Both strikers are of a respectable height and weight to influence the game from a physical standpoint, however it is Robert Lewandowski who is the more effective in this domain. The Dortmund frontman picked up 70 fouls, had 19 tackles, but only received 4 yellow cards. On the other hand however, Robin van Persie picked up 30 fouls from 20 tackles, yet received 8 yellow cards. This means that despite being the rougher of the two, Lewandowski can get away with disrupting play through fouls far more often (17.5 fouls per card) than the more aggressive Dutchman can (3.5 fouls per card). The fact that Lewandowski can disrupt play from farther up the pitch while contracting only half the penalty of van Persie is invaluable. This means that he can stop more attacks from the neutral or offensive sections of the pitch before they even start, an intelligent way to prevent more free kicks in dangerous areas within range.

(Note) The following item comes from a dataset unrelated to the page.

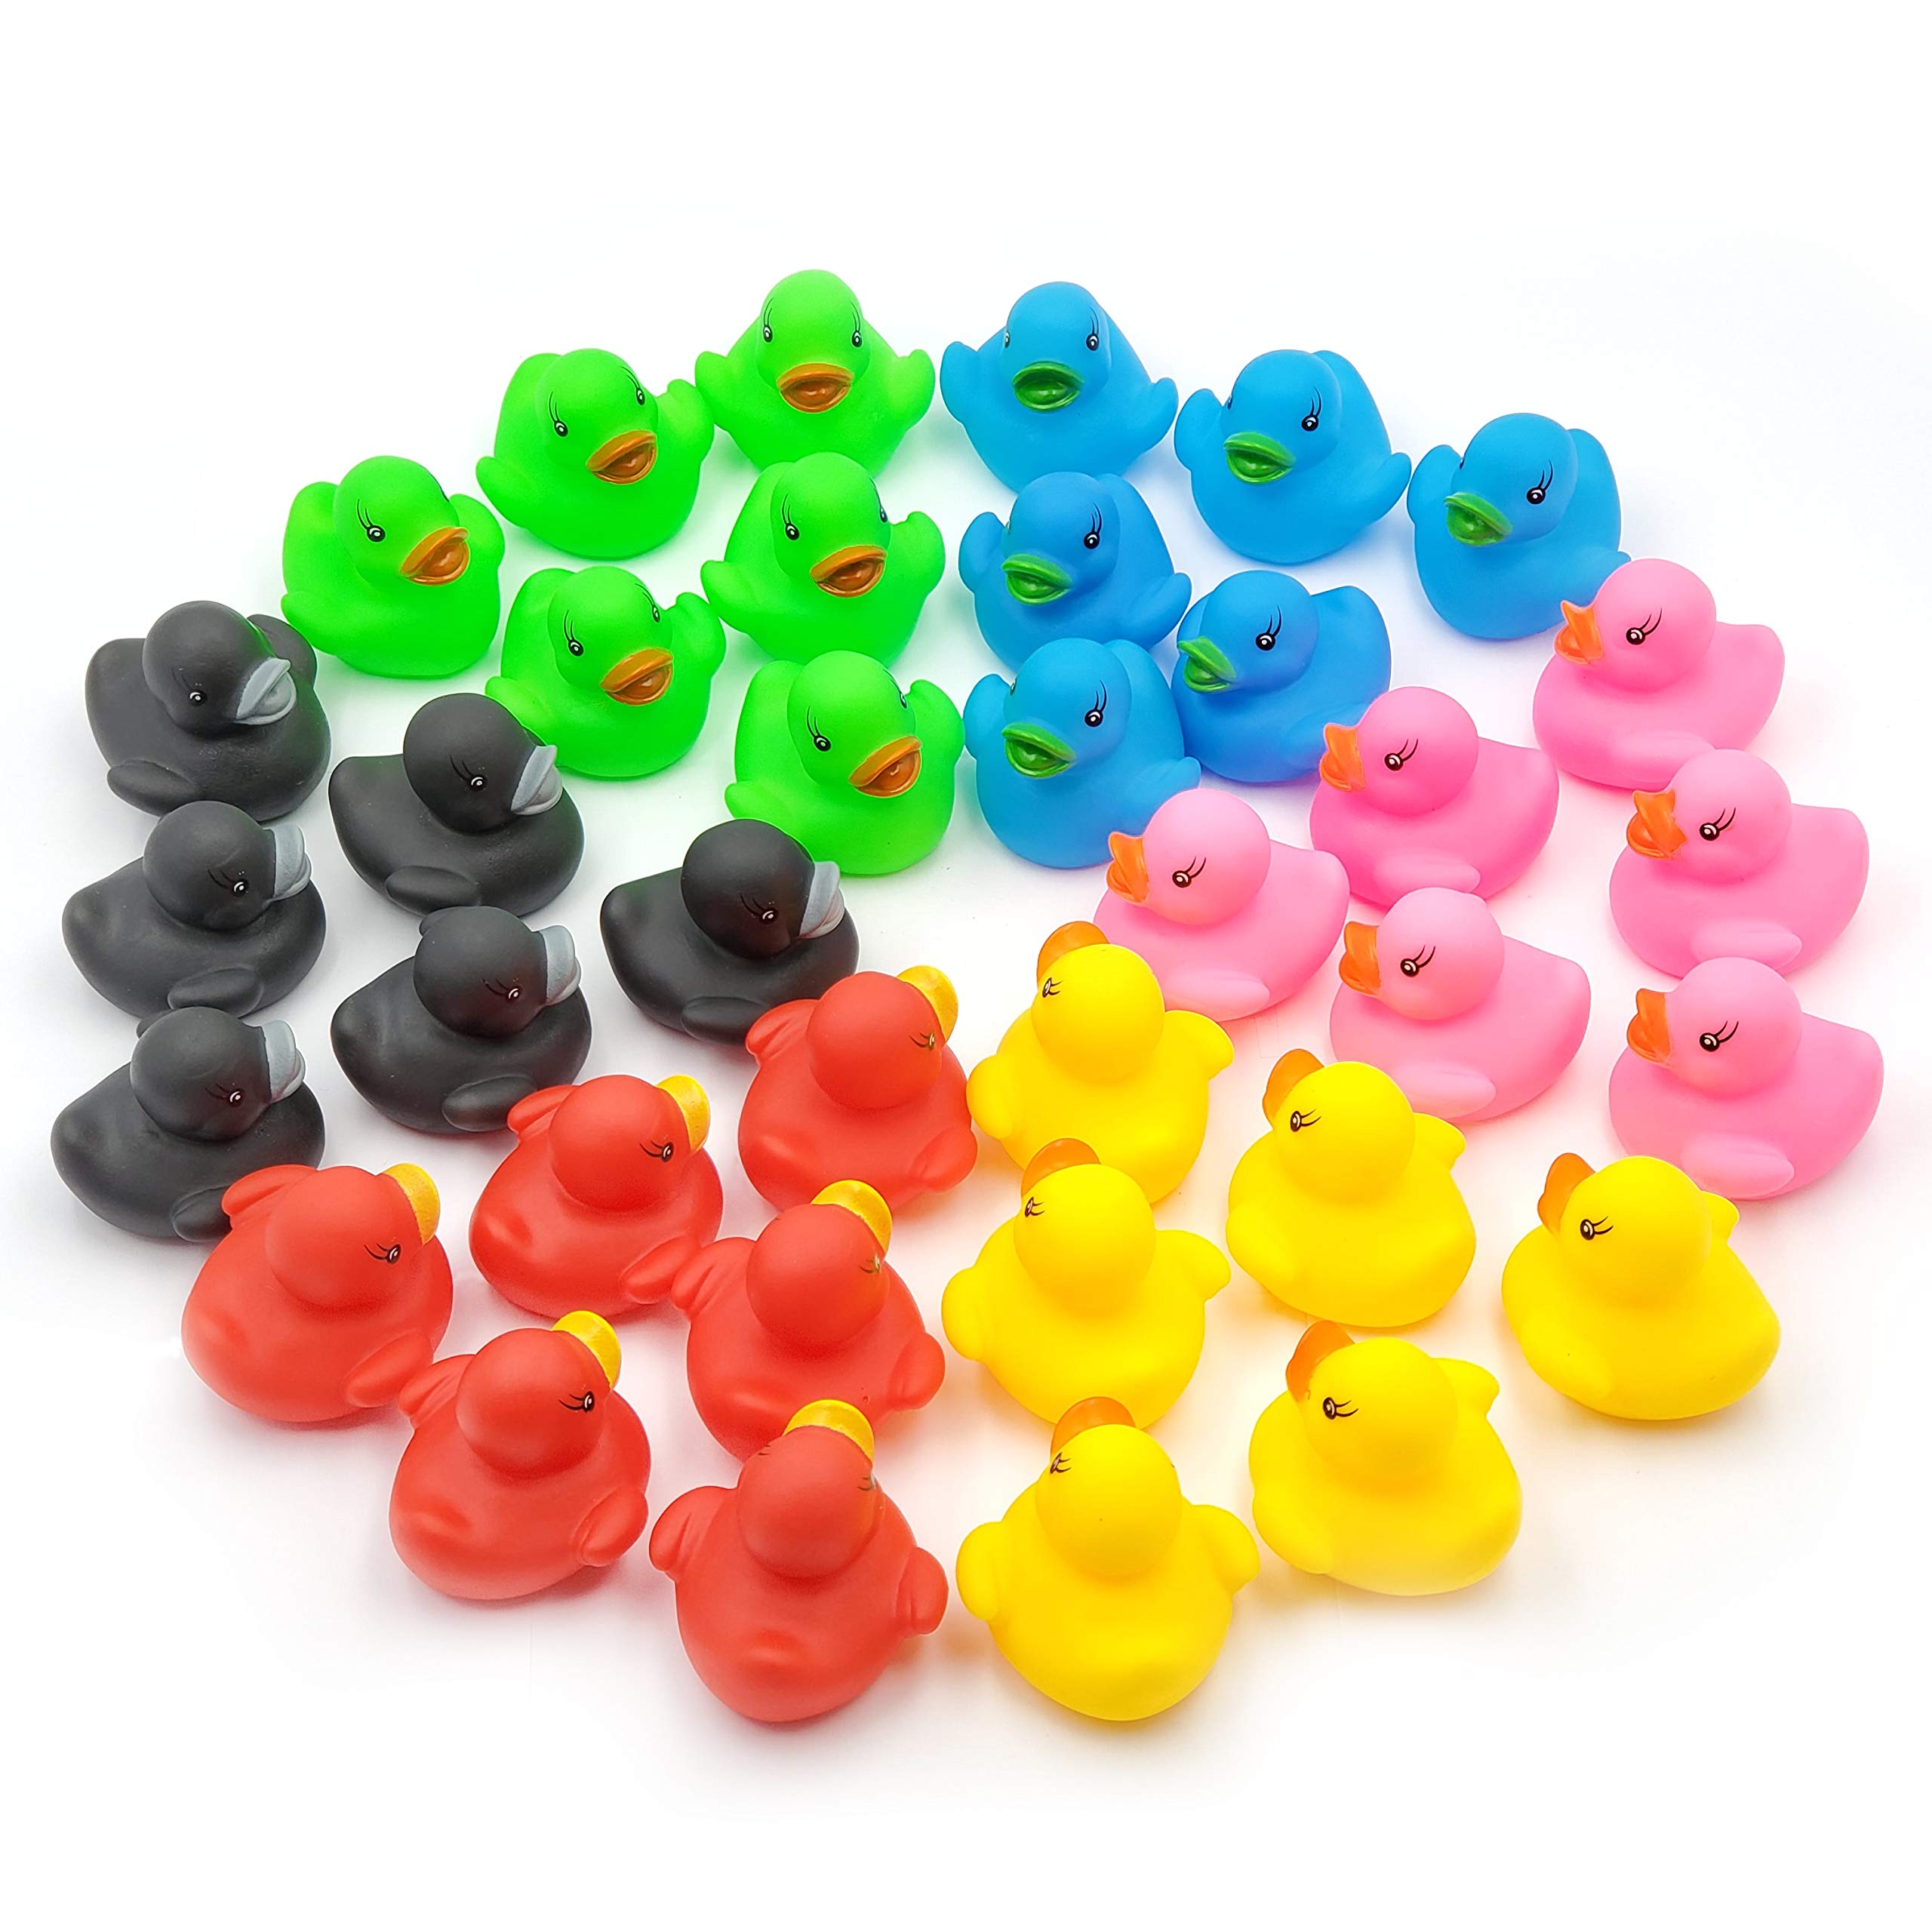 Classic Rubber Duck Toy Duckies for Kids, Six Solid Colors, Bath Birthday Gifts Baby Showers Classroom Summer Beach and Pool Activity, 2" (12-Pack)

Now, let’s have a look at a few of Lewandowski’s weaknesses, namely passing technique/vision While he does average more successful dribbles than van Persie (1.4 compared to 1.1) his main problem is knowing when and where to pass the ball when he runs into trouble. Both players are the spearheads in their respective attacking lineups, however their roles differ in their approach on goal. Van Persie has a tendency to drop deep into midfield to create space for flanking wingers and an overlapping fullback, whereas Lewandowski is a target for crosses and through balls for him to run onto, forcing him into a more consistently advanced role. Van Persie’s “false 9” role affords him the time and space to create chances for others, explaining his healthy average key pass rate of 2.4 per game. Lewandowski isn’t too far shy though, averaging 1 key pass per game. This may not seem comparable, but when you consider that Lewandowski can often be isolated far up the pitch, he has shown some potential in becoming a creative centre-forward instead of just an out and out striker.

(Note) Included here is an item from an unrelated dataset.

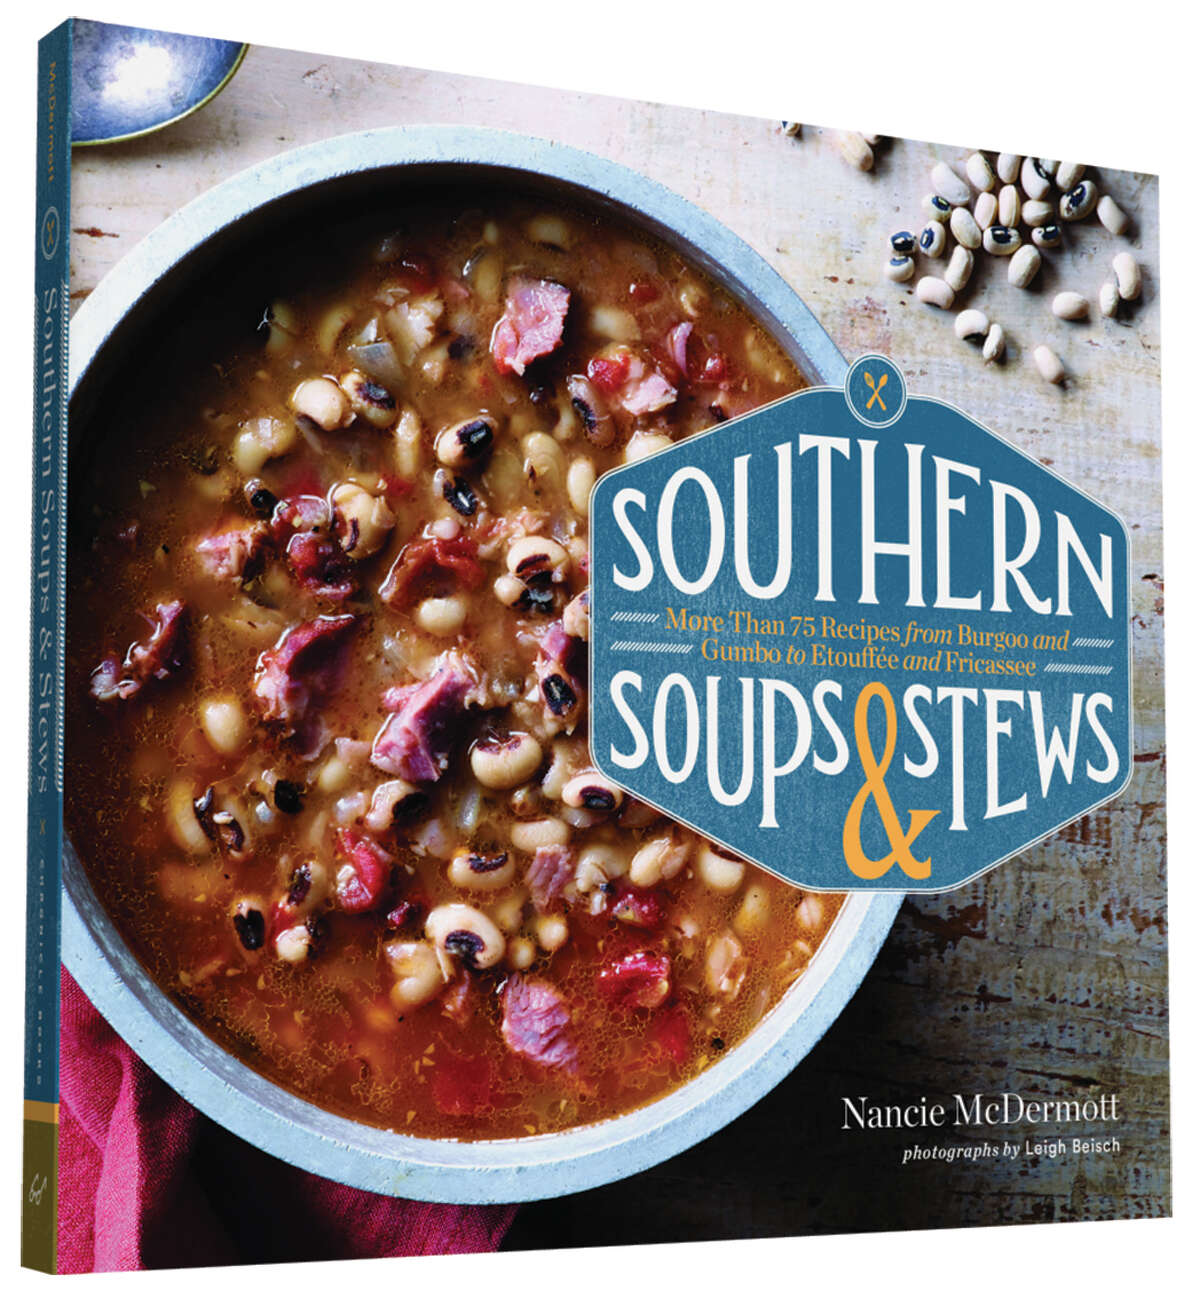 Southern Soups & Stews, More than 75 recipes from Burgoo and Gumbo to Etouffee and Fricassee, by Nancie McDermott, 175 pages, $24.95.

The worst aspect of Lewandowski’s game compared to the Dutchman is his passing; namely accuracy in completion. Robin van Persie has made more successful passes than Lewandowski has even attempted, with the Arsenal forward completing 811/1032. That’s 77 more completed passes than Lewandowski’s total attempted passes -734- of which 518 were successful. While certainly well behind in creative play, Lewandowski is slightly better on the ball than his Dutch adversary: he achieved 49 successful dribbles and was dispossessed 85 times, whereas van Persie achieved 42 successful dribbles and was dispossessed 90 times.
Despite Robin van Persie being a fantastic player, you have to wonder how much he has left in the tank. A 28 year old player who has had several recurring injuries in the past could be one tackle away from a calamitous topple from the top, and perhaps Arsène Wenger recognizes this. Should he receive £25m for him and reinvest this in the signing of Robert Lewandowski, he has pulled of a masterstroke. A player who’s won two major honors in Germany with a good injury record who has yet to hit his prime can be had for the same price as a striker whose time is clearly ticking. What do you think: is Robert worth it?